## Prompt
Please restate the listing word for word, omitting the images.

## Provided material
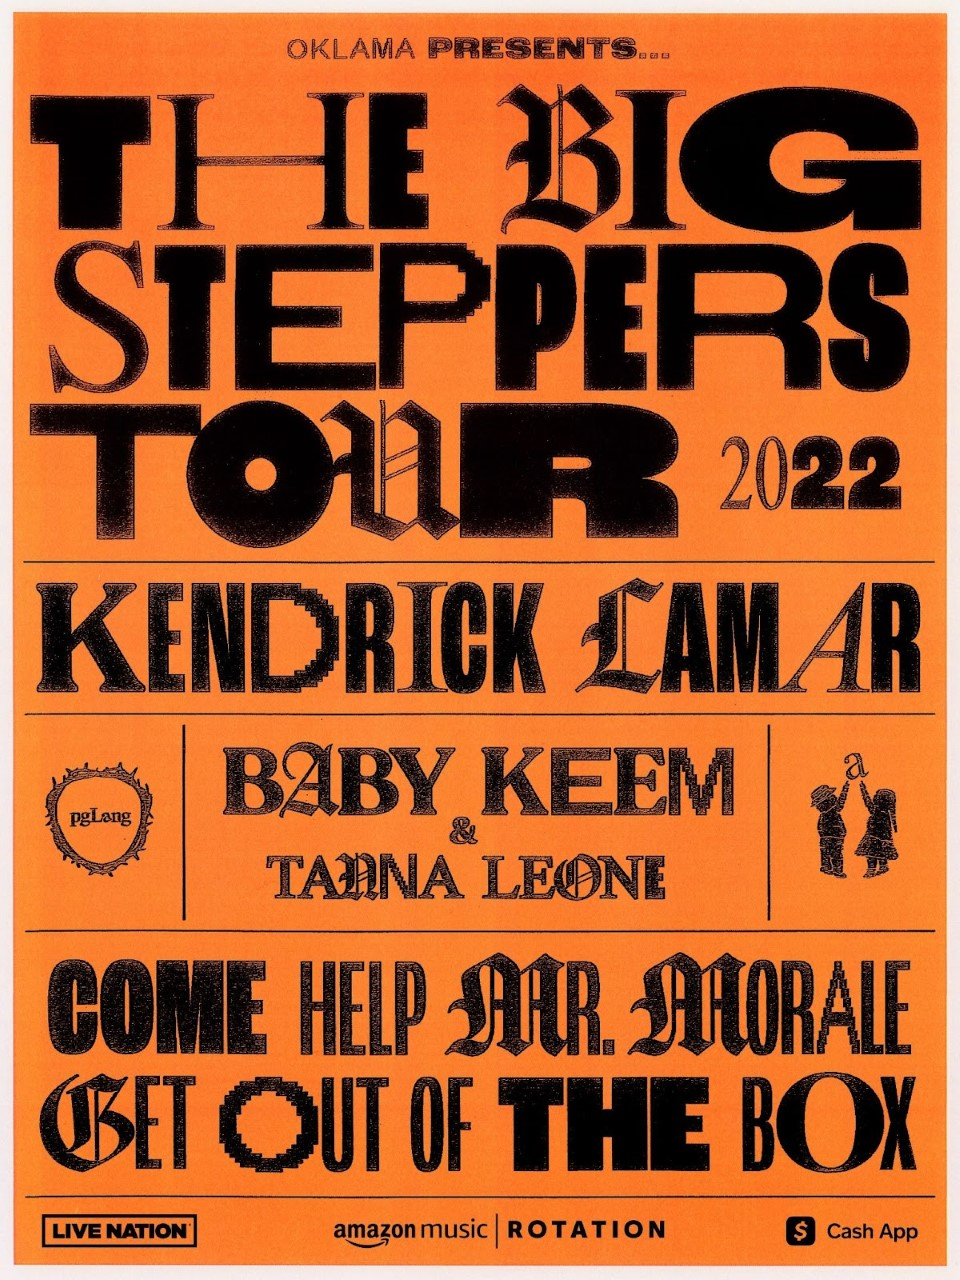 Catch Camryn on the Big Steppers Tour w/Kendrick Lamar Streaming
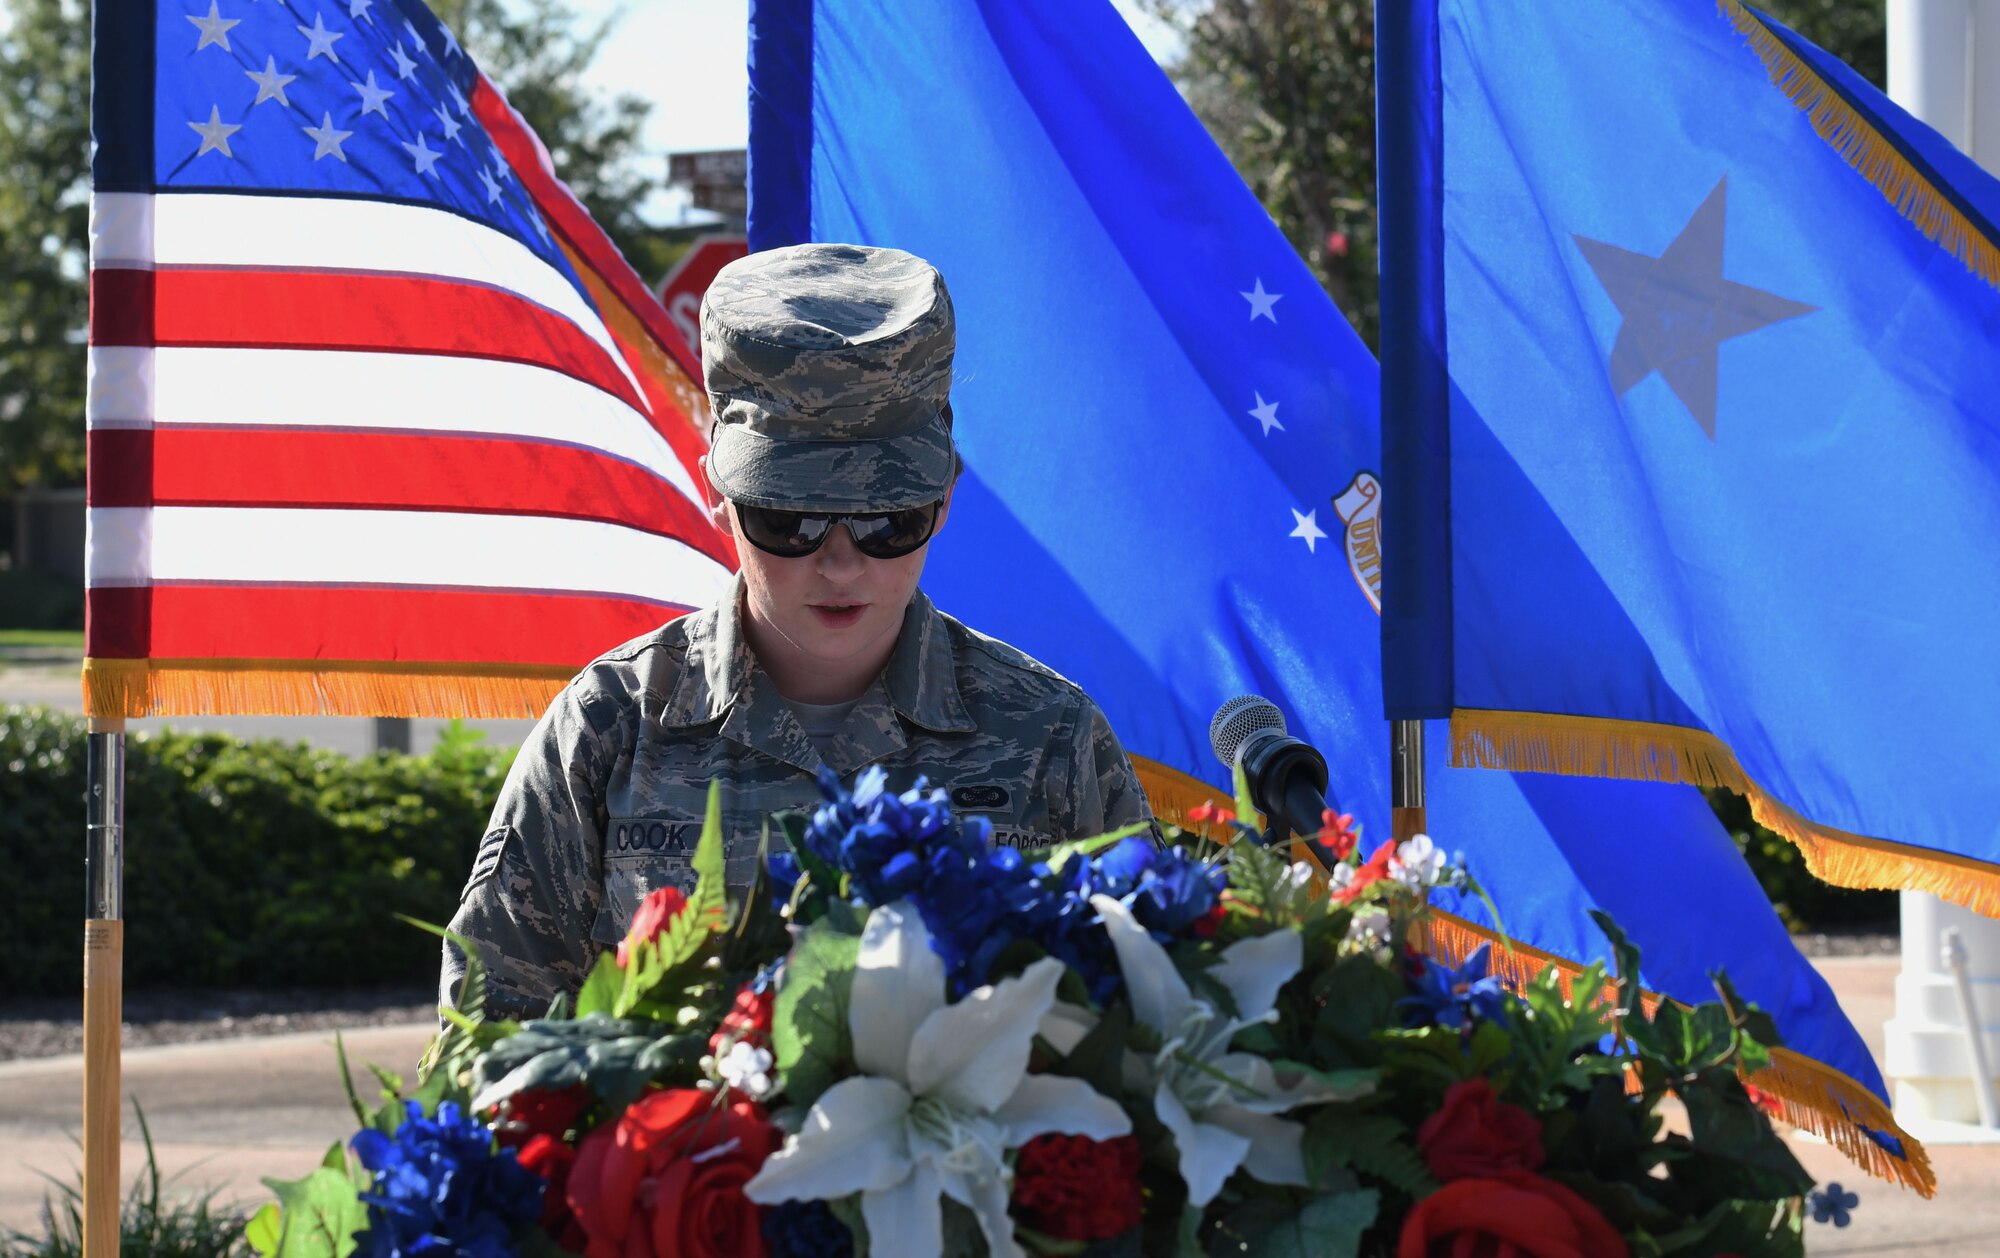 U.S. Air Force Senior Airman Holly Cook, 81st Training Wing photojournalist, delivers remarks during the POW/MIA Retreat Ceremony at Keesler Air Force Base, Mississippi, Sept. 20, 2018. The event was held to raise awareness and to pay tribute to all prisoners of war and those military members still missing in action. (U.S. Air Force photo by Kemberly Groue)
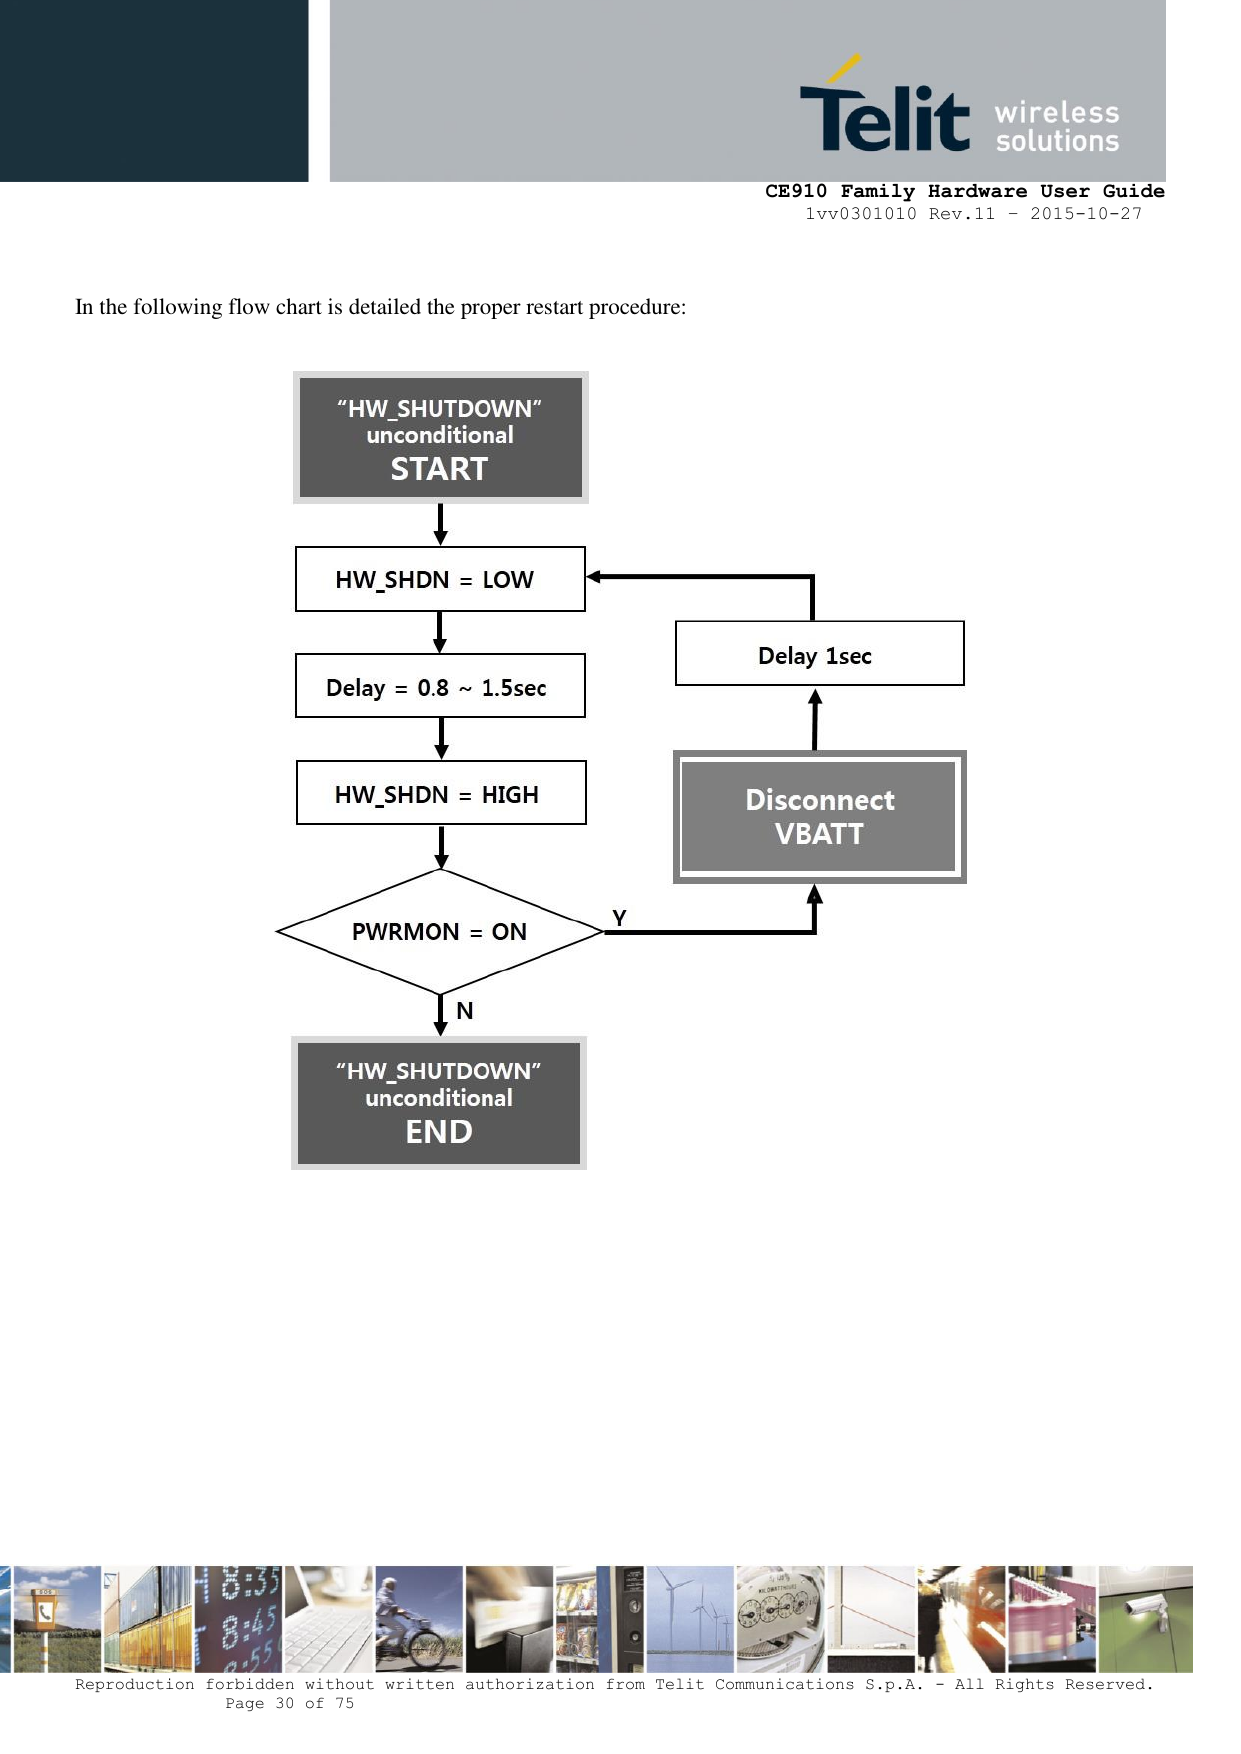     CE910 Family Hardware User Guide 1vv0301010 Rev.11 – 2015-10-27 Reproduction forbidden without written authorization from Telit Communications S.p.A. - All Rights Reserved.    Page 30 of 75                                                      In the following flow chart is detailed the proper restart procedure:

## Exercise solution
 Catch Camryn on the Big Steppers Tour w/Kendrick Lamar Streaming
 U.S. Air Force Senior Airman Holly Cook, 81st Training Wing photojournalist, delivers remarks during the POW/MIA Retreat Ceremony at Keesler Air Force Base, Mississippi, Sept. 20, 2018. The event was held to raise awareness and to pay tribute to all prisoners of war and those military members still missing in action. (U.S. Air Force photo by Kemberly Groue)
     CE910 Family Hardware User Guide 1vv0301010 Rev.11 – 2015-10-27 Reproduction forbidden without written authorization from Telit Communications S.p.A. - All Rights Reserved.    Page 30 of 75                                                      In the following flow chart is detailed the proper restart procedure:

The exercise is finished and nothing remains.